On Mistaking the Map for the Territory
Do you know what you don't know? Or do you not know what you know?
“Let’s see how I play when I think my moves might actually be good!”
This is how I ended my piece last week. Which is hilarious. Because do you know how I play when I think my moves might actually be good? REALLY BAD.
I mean, that’s based on a sample size of one, and I am exaggerating the results for comic effect. But I did suffer the worst OTB defeat of my short career last week. Fortunately, I have a sense of what happened, as well as a larger takeaway that I/you/we can draw from it. And by larger, I mean, I’m going to get back into “state of the culture” thoughts this week. Hooray!
What happened?
My game last week was against a nine year old who’s already rated 1800. That makes him the 30th-highest rated nine-year-old in the country. That’s… pretty good. And it turns out I’m in strong company as far as struggling with nine-year-olds, considering that Magnus just drew with one on Titled Tuesday.
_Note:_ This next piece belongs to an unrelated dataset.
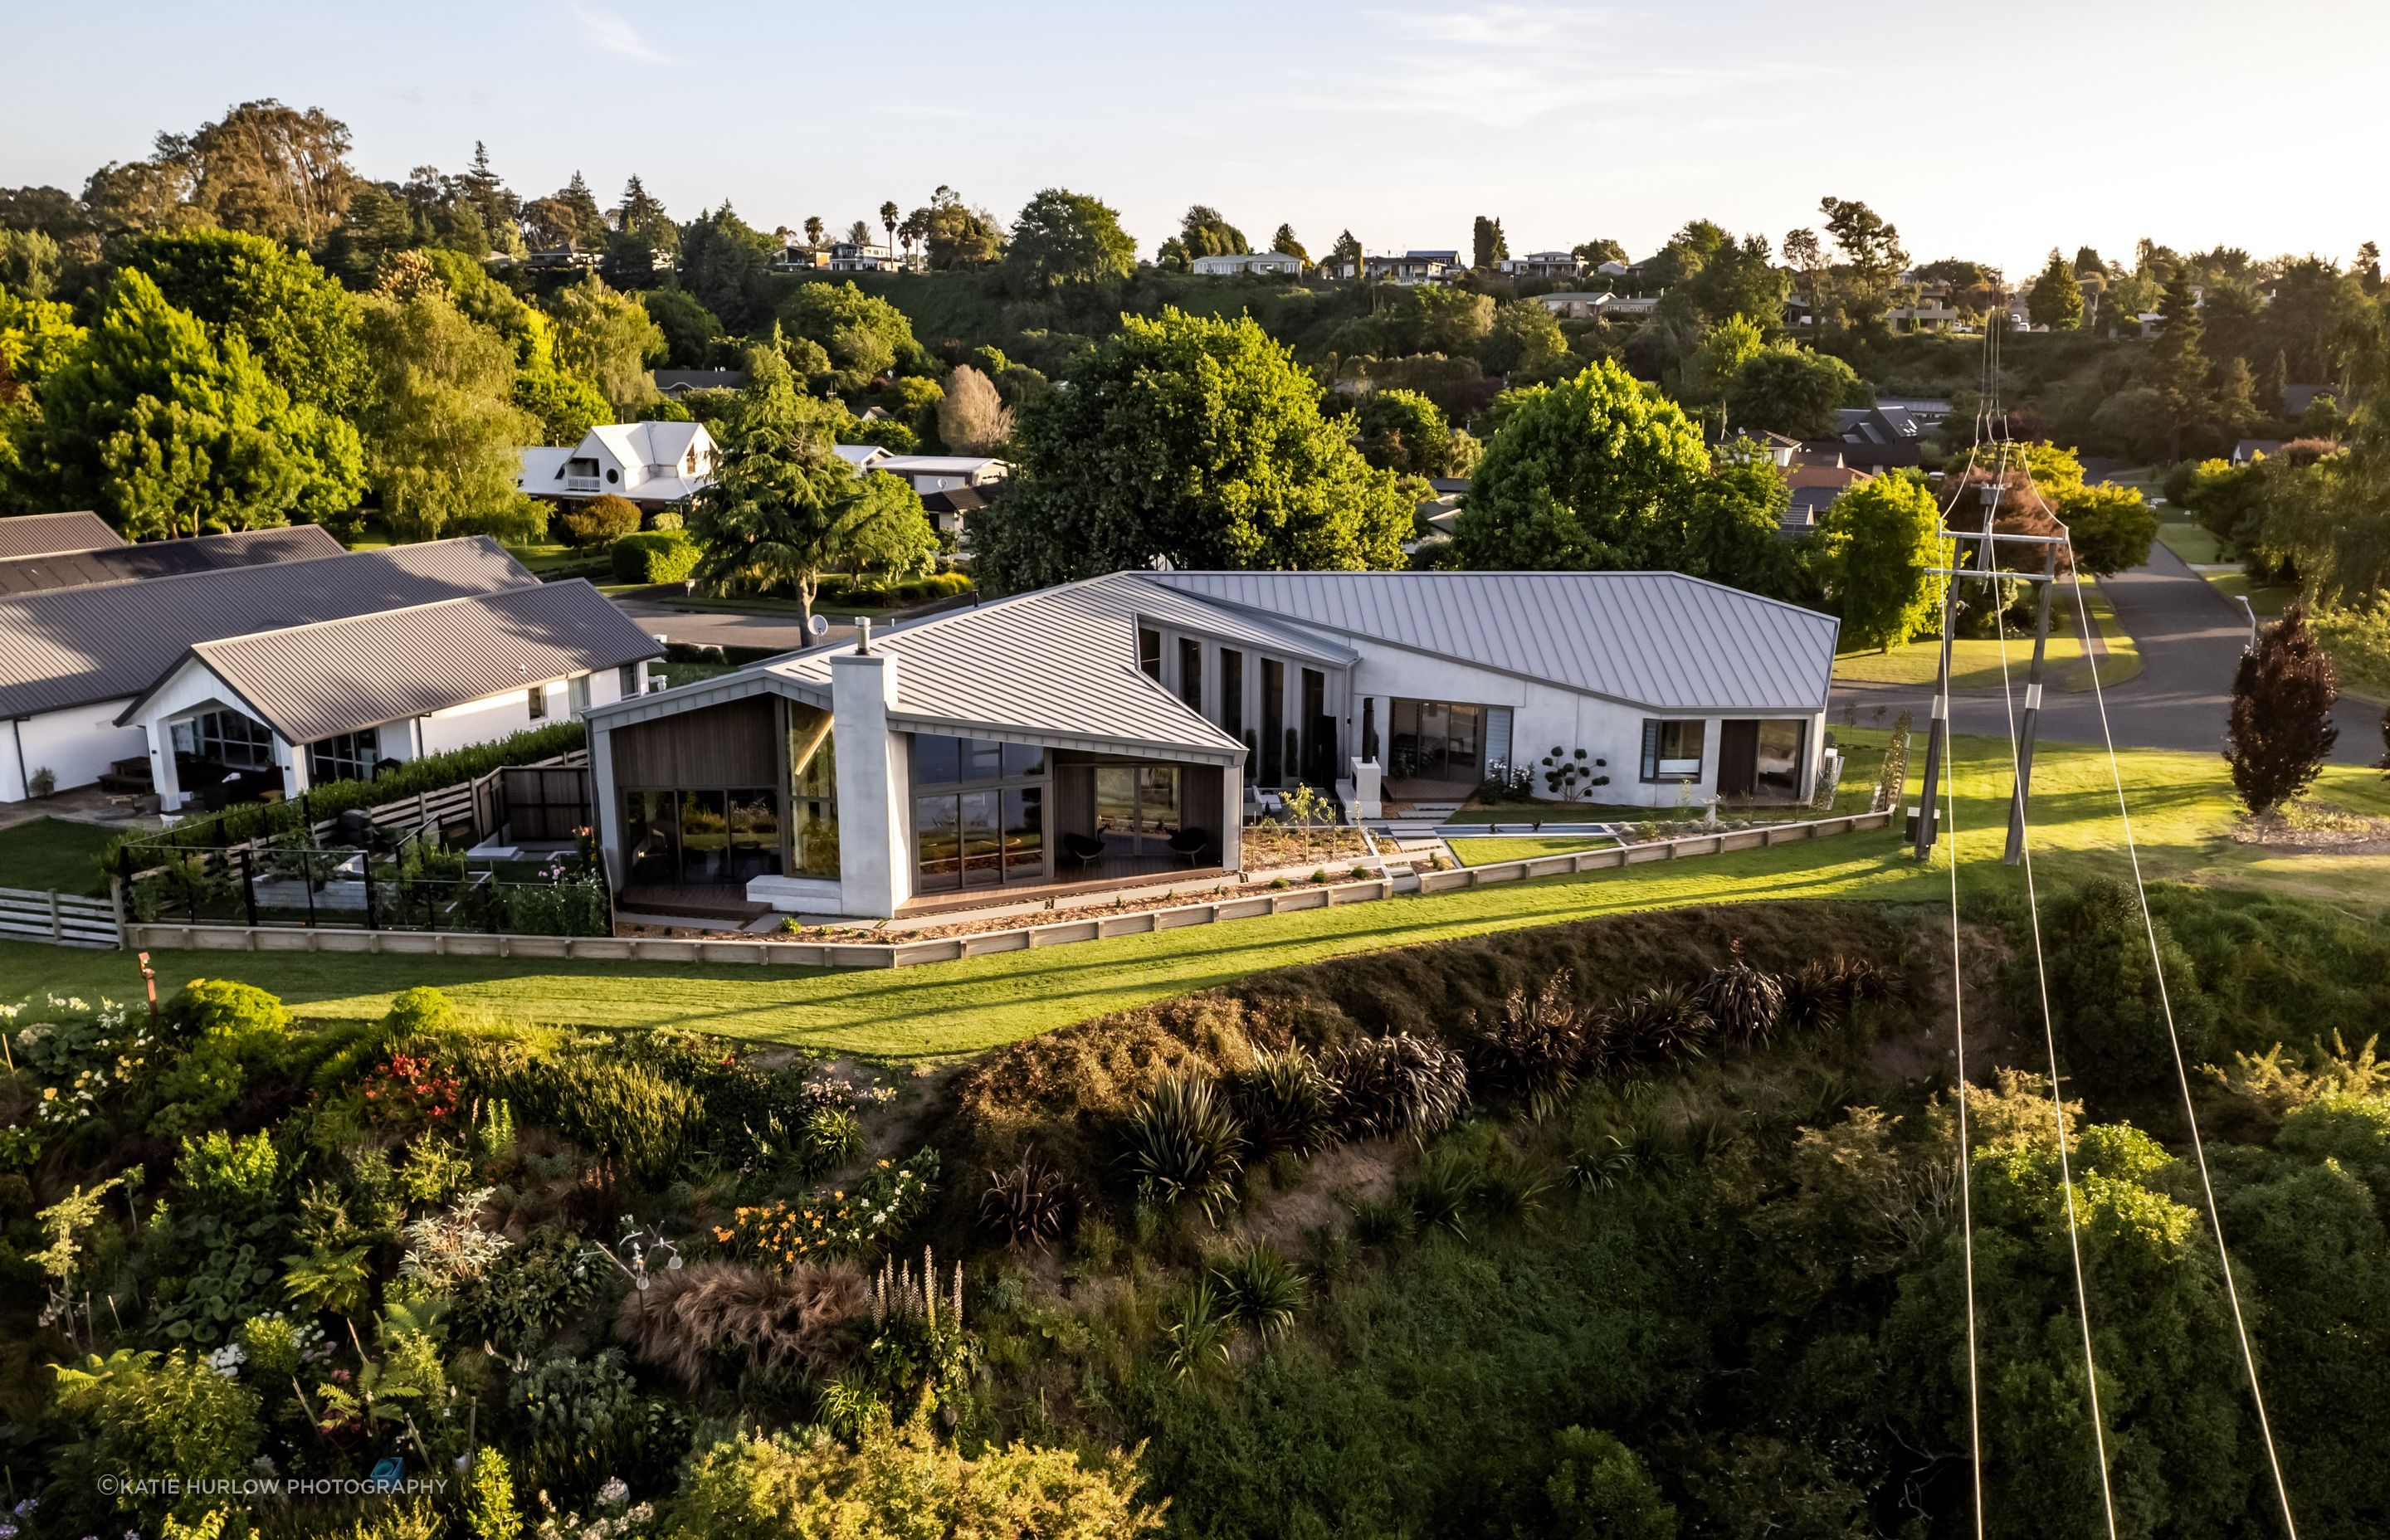 Seen from above, the sculptural form of the home hugs the landscape, drawing in the light and the views, while creating privacy from the street and neighbours.

I had the black pieces, and I played the Caro-Kann, because I’m still in the process of getting my new Black opening up to OTB speed. My opponent met this with the Accelerated Panov, an opening that I’ve only faced once online and never IRL. On my seventh move, I found myself here:
What do I know about this opening, if anything? Well, I know that in the Caro-Kann, I tend to try and get my light-squared bishop out to g4 before I play e6, if allowed. But I also know that in the Panov, you often don’t develop the light-squared bishop before playing e6. But, but, I also don’t know how Panov-y the position we’re in actually is — this isn’t a line I’m familiar with, and my queen move to a5 was pure improvisation, borrowing from the Scandinavian.
So I thought, what the hell, I’ll play Bg4. Still seems good. Pin the knight, get the bishop outside of the pawn chain. I don’t want to play moves mindlessly from another line just because I vaguely remember them. I wrote about that!
How’d this go?
Egads. Move eight and my goose is already cooked. After playing Qb3, White has a nasty discovered attack. I can defend either the f7 pawn or the b7 pawn. If I defend b7, I allow a brutal check on f7. But if I defend f7, then my rook is a goner. I’ll spare you my decision because it really didn’t matter: the kid went on to thoroughly annihilate me. There are still pieces of my ego scattered around the San Marino Masonic Lodge. At least it was over quickly, and I got a good night’s sleep afterward.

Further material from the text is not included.